■ Task ■
When the line with "Stacie Flinner x" appears below, start repeating lines exactly, and keep going through the line with "Президента Зеленського попросили"; add nothing outside that span.

Dataset records
____

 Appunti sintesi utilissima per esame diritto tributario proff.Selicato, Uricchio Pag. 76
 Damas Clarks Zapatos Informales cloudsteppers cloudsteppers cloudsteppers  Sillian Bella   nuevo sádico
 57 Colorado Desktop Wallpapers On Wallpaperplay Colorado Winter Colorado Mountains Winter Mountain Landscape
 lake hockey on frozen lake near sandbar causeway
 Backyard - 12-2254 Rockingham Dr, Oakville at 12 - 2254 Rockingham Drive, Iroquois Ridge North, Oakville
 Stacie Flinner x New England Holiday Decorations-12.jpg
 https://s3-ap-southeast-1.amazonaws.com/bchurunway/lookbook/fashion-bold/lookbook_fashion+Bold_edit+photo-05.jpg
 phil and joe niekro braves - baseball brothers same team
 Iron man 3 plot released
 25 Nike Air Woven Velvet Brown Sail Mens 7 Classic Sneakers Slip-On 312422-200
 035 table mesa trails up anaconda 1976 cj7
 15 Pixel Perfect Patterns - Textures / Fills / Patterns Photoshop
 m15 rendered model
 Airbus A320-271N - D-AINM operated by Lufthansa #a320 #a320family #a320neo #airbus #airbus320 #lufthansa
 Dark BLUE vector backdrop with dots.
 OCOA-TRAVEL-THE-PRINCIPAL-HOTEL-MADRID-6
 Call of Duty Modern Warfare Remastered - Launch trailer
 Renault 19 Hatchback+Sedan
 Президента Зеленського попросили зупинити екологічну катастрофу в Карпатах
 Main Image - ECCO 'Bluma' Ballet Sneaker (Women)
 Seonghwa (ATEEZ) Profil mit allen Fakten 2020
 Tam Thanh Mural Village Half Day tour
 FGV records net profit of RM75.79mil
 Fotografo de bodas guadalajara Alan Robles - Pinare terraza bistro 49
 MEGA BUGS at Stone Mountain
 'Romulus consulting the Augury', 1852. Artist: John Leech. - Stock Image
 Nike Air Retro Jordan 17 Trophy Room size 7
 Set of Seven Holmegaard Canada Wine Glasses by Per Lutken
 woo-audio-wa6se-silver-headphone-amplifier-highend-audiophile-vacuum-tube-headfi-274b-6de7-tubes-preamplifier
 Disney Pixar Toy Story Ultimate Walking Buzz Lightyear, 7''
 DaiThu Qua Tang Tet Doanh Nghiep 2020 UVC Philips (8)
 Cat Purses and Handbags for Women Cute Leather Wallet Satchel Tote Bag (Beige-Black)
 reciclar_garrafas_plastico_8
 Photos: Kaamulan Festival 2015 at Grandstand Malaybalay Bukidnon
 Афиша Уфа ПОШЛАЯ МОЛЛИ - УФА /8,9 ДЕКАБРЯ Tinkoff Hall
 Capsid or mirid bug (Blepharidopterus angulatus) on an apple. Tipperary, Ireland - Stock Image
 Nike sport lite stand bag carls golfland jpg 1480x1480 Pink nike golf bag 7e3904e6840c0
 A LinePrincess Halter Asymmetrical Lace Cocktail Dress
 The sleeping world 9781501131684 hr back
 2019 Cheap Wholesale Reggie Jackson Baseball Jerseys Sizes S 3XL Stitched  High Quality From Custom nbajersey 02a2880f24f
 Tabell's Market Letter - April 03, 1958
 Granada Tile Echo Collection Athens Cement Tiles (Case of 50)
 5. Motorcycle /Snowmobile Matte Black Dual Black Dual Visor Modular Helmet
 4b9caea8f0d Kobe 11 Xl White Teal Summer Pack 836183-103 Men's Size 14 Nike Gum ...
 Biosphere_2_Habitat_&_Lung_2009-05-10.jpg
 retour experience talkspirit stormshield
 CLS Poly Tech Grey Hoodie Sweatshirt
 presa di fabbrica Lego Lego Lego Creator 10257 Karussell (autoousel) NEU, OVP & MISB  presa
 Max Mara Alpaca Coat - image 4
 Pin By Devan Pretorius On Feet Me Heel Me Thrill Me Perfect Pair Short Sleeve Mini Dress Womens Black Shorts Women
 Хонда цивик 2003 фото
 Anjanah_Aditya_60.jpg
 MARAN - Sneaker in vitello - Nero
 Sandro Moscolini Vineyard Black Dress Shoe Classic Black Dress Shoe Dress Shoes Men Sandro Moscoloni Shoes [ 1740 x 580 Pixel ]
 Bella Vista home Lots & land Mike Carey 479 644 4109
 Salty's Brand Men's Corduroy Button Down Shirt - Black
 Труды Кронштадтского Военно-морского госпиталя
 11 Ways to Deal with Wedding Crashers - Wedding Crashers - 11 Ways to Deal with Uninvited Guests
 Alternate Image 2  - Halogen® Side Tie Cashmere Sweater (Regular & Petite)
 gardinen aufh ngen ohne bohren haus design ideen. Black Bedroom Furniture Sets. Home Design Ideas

____

■ Answer to the exercise ■
 Stacie Flinner x New England Holiday Decorations-12.jpg
 https://s3-ap-southeast-1.amazonaws.com/bchurunway/lookbook/fashion-bold/lookbook_fashion+Bold_edit+photo-05.jpg
 phil and joe niekro braves - baseball brothers same team
 Iron man 3 plot released
 25 Nike Air Woven Velvet Brown Sail Mens 7 Classic Sneakers Slip-On 312422-200
 035 table mesa trails up anaconda 1976 cj7
 15 Pixel Perfect Patterns - Textures / Fills / Patterns Photoshop
 m15 rendered model
 Airbus A320-271N - D-AINM operated by Lufthansa #a320 #a320family #a320neo #airbus #airbus320 #lufthansa
 Dark BLUE vector backdrop with dots.
 OCOA-TRAVEL-THE-PRINCIPAL-HOTEL-MADRID-6
 Call of Duty Modern Warfare Remastered - Launch trailer
 Renault 19 Hatchback+Sedan
 Президента Зеленського попросили зупинити екологічну катастрофу в Карпатах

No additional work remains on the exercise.